На мой взгляд, любая политическая программа должна учитывать то, что мои бывшие педагоги видят каждый день: что истинная проблема этих детей в том бардаке, который творится у них дома. Пора уже признать: ваучеры по «Восьмой программе» должны выдаваться администрацией города таким образом, чтобы не делить бедных на маленькие анклавы. Как сказал Брайан Кэмбелл, учитель из Мидлтауна: «У вас на руках база семей, пользующихся “Восьмой программой”, вот и сделайте так, чтобы по отношению к налогоплательщикам среднего класса она образовывала перевернутый треугольник. Чем ниже доходы в определенном районе, тем меньше там эмоциональных и финансовых ресурсов. Нельзя просто взять и собрать всех бедных в одном месте, тогда воцарится полная безнадега». С другой стороны, он добавил: «Объедините детей из семей с низкими доходами с теми, кому привычна иная модель жизни, и бедняги потянутся вслед за обеспеченными». Тем не менее, когда Мидлтаун попытался ограничить выдачу ваучеров в определенных районах города, этому решению воспротивились федеральные власти. Они решили, что нищим детям не место среди успешных людей.
Правительственная политика бессильна решить и другие проблемы нашего сообщества. Ребенком я считал, что хорошие оценки в школе — удел девчонок. Парни, на мой взгляд, должны быть сильными, смелыми, готовыми к драке, затем, позднее, пользоваться популярностью у девушек. Мальчишек, которые проявляли интерес к учебе, называли «хлюпиками» и «педиками». Не знаю, откуда взялось такое предубеждение. Разумеется, не от бабушки, которая заставляла меня учиться, и не от деда. Но так думал не я один; исследования доказывают, что мальчики из рабочего класса, вроде меня, плохо учатся в школе, потому что считают учебу сугубо женским занятием. Можно ли изменить это на законодательном уровне? Вряд ли. Порой весы не раскачать даже при большом желании.
Я узнал, что те черты характера, которые помогали мне выжить в детстве, в зрелом возрасте только мешают. В случае конфликта я предпочитаю убегать или драться. В моем нынешнем браке такой необходимости нет, но если бы не жена, детские стереотипы по-прежнему бы надо мной довлели.
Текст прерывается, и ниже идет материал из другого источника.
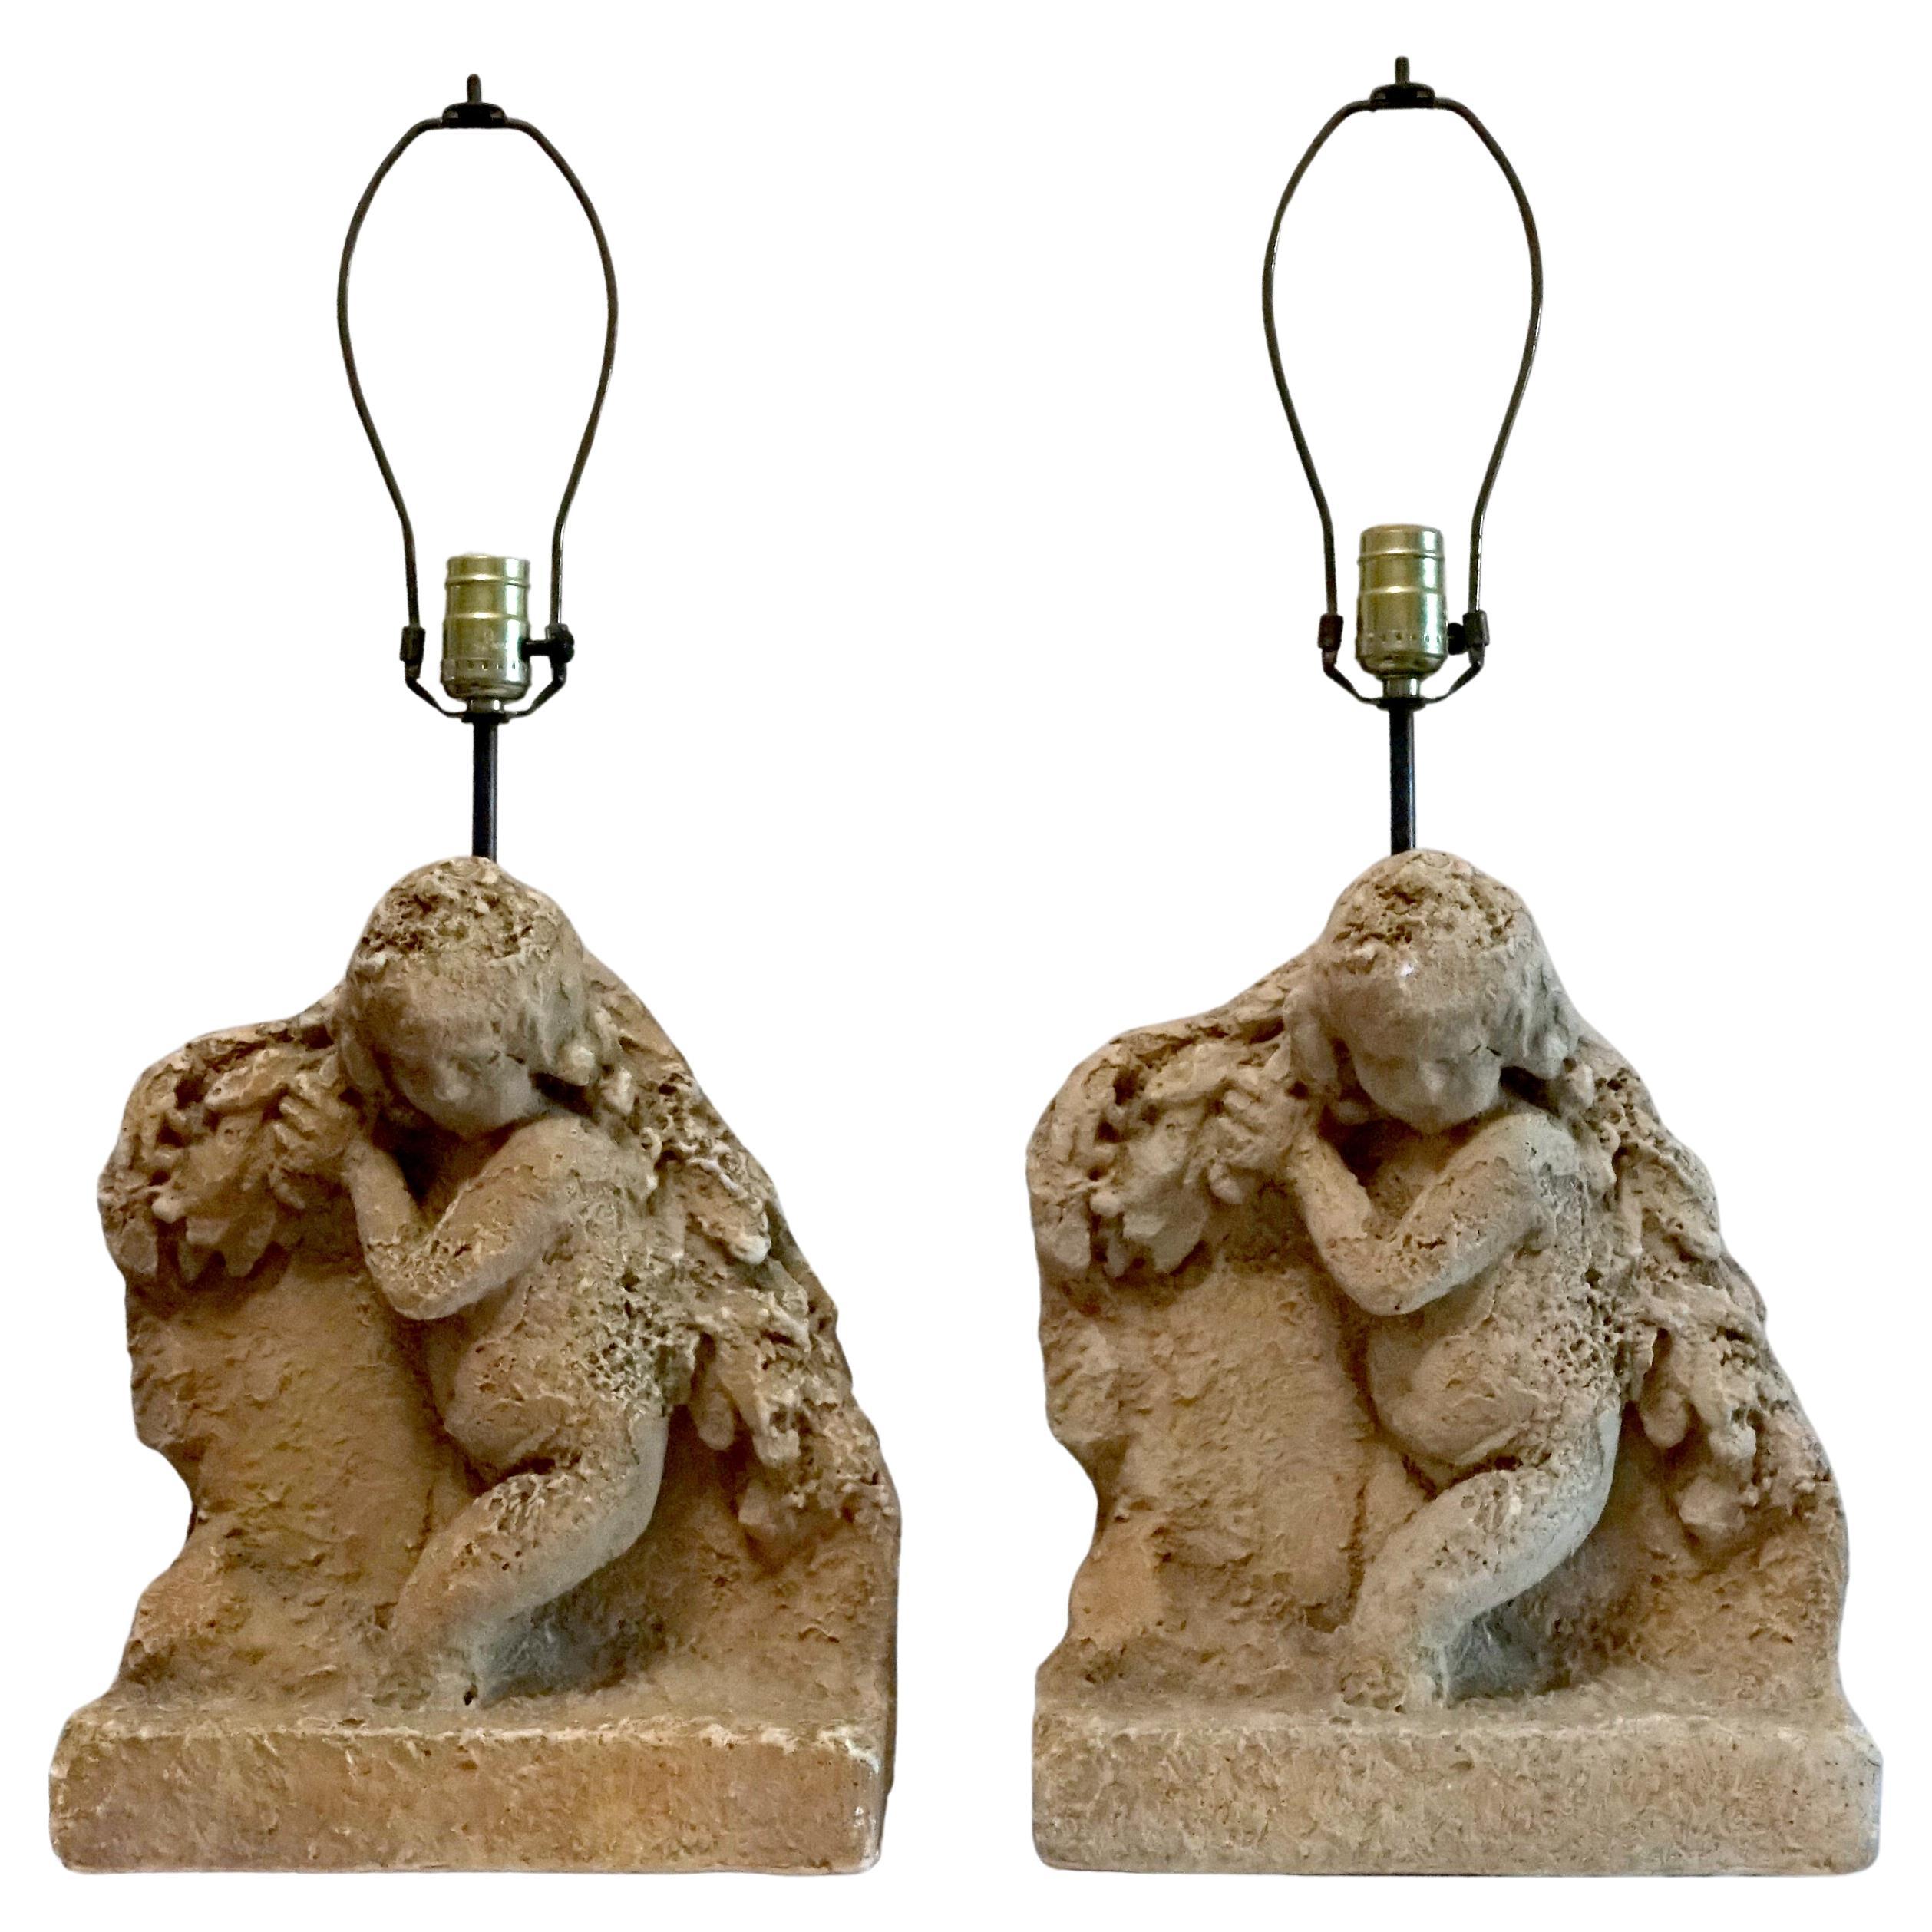 Pair of Cherub Putti Lamps Resin Cast in Beige Stone Effect For Sale

Я с юных лет привык транжирить деньги — потому что любую заначку (под матрасом или в ящике с нижним бельем, даже в бабушкином доме) могли найти и «взять в долг». Когда мы с Юшей приводили в порядок мои финансы, то ужаснулись, сколько у меня банковских счетов и просроченных карт.
Иногда Юше приходится напоминать, что не каждое оскорбительное замечание в мой адрес — от проезжающего мимо автомобилиста или соседа, которому не по нраву наши собаки — должно становиться поводом для кровной мести. И я, немного остыв, признаю, что она, пожалуй, права.
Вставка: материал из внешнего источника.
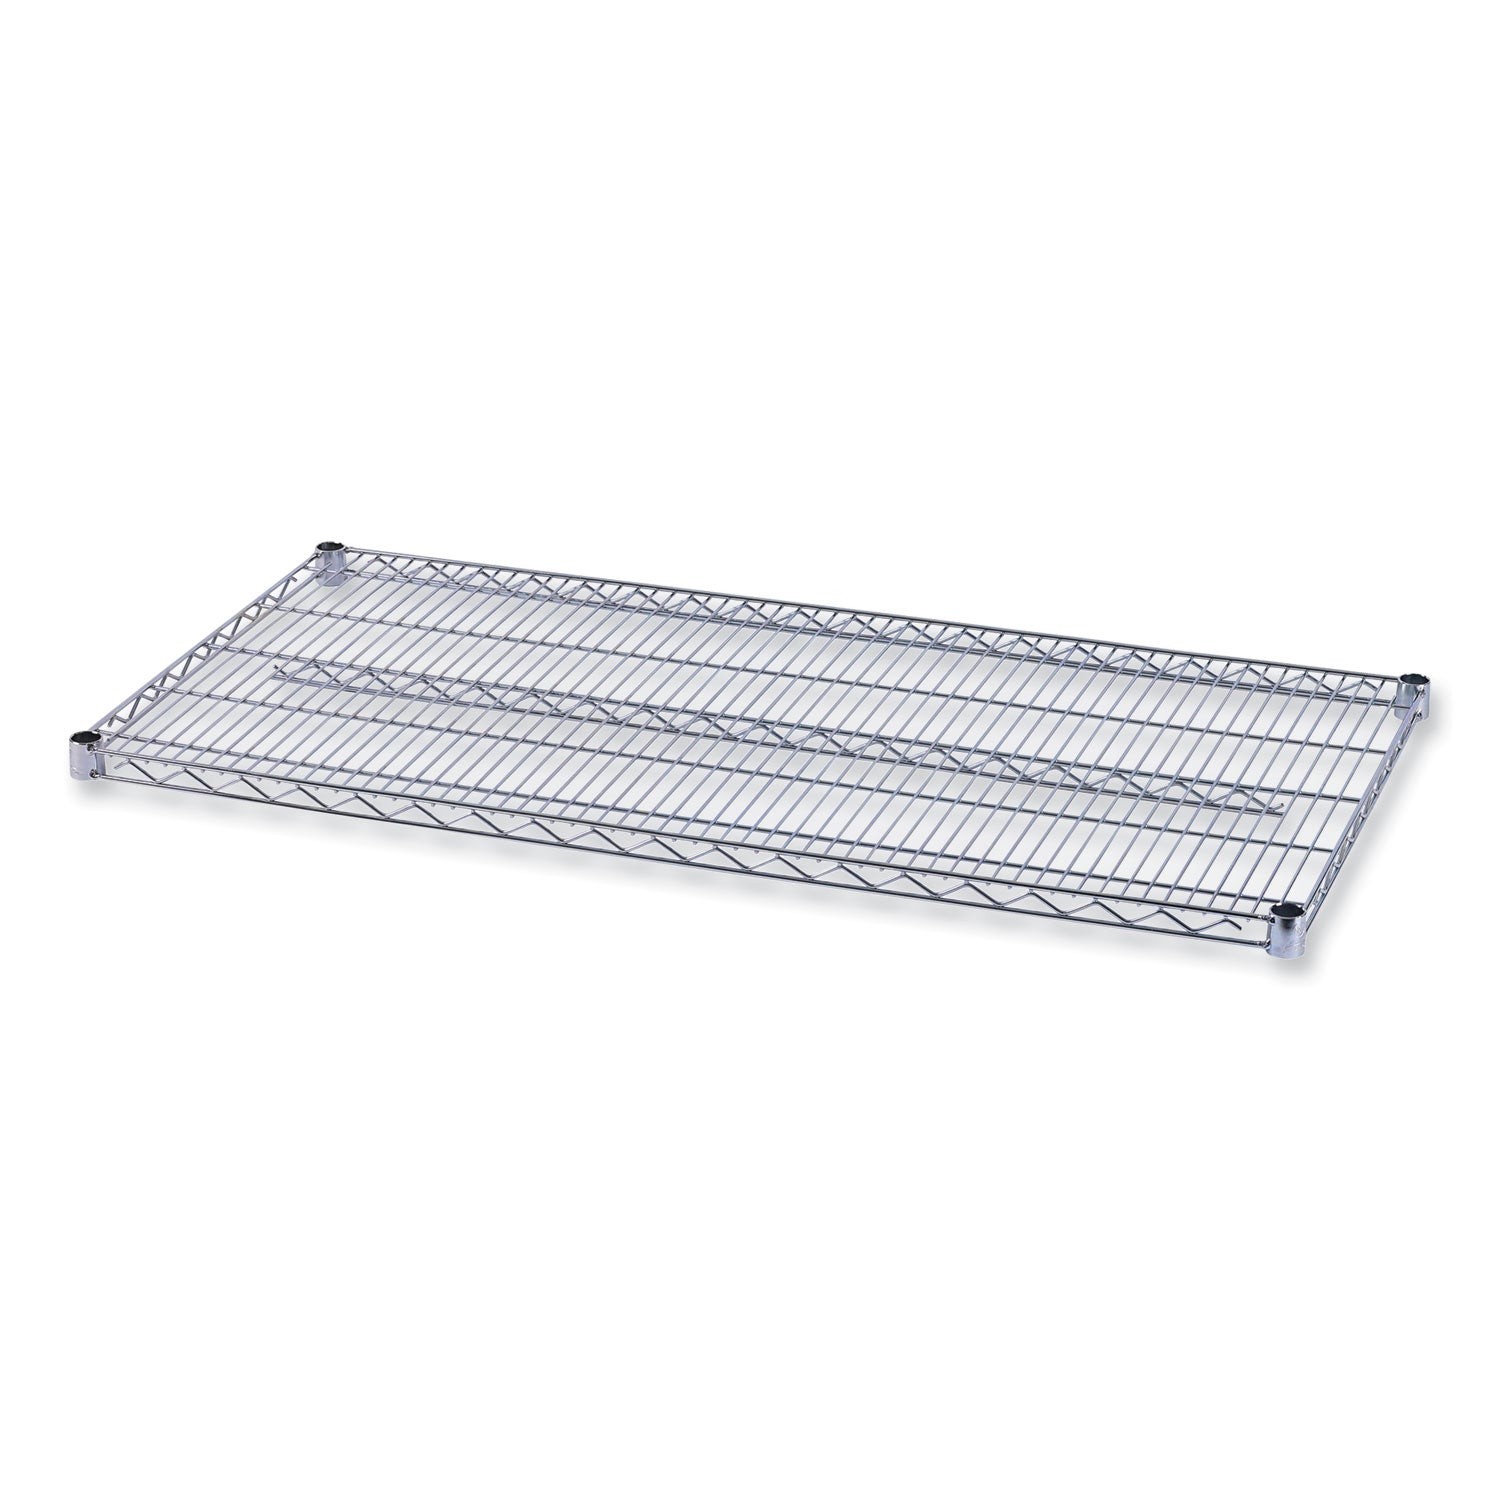 Industrial Wire Shelving Extra Wire Shelves, 48w x 24d, Silver, 2 Shelves/Carton -

Пару лет назад мы ехали в Цинциннати, как вдруг меня подрезал автомобиль. Я засигналил. Водитель показал мне средний палец. Когда мы остановились на светофоре (этот наглец оказался передо мной), я расстегнул ремень безопасности и открыл дверцу машины — хотел потребовать извинений, выбить их силой, если придется. Затем возобладал здравый смысл, и я вновь сел. Юша была рада, что я передумал сам и ей не пришлось приводить меня в чувство (как порой случалось). Она ужасно гордилась тем, что я сумел воспротивиться природному инстинкту. Вся вина того водителя заключалась в том, что он задел мою честь — а именно честь в моем детстве определяла право на счастье, она мешала школьным хулиганам меня задирать, сближала с матерью, на защиту которой я бросался, если вдруг кто-то хотел ее оскорбить (пусть даже зачинщик говорил чистую правду); она давала мне нечто такое, чем я мог управлять — сам, без посторонней помощи. Первые восемнадцать лет моей жизни уступить в конфликте значило прослыть «телкой», «слабаком» или «трусом». Та модель поведения, которой я обучился с юных лет, для успешного молодого человека не годилась.